■ **EXERCISE BRIEF**:
Output exactly the line that includes "Ponožky sportovní unisex" and all the lines after it through the end of the listing below, and nothing more.
[Opening INPUT MATERIAL section]
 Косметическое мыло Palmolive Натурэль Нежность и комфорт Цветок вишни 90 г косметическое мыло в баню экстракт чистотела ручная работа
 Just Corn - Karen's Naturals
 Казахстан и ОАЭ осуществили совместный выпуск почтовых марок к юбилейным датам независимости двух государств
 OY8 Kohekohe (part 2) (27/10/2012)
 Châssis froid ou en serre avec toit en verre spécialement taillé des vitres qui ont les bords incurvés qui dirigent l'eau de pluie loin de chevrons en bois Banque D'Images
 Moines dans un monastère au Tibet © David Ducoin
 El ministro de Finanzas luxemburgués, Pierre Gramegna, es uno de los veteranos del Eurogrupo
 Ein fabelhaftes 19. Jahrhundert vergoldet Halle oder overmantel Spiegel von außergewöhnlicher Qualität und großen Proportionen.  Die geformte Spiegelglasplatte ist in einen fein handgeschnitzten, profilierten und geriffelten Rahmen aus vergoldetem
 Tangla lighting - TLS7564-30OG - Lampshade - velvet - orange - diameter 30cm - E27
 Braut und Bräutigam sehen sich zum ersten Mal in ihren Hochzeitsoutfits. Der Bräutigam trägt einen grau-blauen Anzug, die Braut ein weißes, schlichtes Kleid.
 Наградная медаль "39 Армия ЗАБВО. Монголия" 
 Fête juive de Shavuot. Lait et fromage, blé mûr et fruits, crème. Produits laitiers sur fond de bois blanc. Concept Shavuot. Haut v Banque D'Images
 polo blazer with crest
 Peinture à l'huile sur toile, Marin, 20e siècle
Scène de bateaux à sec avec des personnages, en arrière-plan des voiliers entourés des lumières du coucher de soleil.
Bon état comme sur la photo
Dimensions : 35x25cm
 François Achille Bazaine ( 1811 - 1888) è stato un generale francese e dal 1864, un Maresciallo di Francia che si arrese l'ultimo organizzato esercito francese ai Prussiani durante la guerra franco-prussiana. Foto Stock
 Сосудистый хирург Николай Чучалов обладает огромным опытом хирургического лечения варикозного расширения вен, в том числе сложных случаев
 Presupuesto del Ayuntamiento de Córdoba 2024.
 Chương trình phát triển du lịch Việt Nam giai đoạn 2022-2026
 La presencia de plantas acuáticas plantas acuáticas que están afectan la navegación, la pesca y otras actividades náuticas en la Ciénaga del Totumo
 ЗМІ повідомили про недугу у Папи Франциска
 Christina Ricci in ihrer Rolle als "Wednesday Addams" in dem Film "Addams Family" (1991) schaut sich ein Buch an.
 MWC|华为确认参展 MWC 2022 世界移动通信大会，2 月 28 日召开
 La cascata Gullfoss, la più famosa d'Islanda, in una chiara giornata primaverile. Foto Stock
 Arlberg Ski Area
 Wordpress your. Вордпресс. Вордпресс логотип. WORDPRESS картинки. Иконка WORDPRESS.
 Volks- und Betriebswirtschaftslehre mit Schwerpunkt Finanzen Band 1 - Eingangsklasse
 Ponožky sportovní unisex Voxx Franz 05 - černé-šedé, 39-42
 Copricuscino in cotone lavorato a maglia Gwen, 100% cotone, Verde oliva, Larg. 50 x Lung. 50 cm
[Closing INPUT MATERIAL section]
■ **EXERCISE RESPONSE**:
 Ponožky sportovní unisex Voxx Franz 05 - černé-šedé, 39-42
 Copricuscino in cotone lavorato a maglia Gwen, 100% cotone, Verde oliva, Larg. 50 x Lung. 50 cm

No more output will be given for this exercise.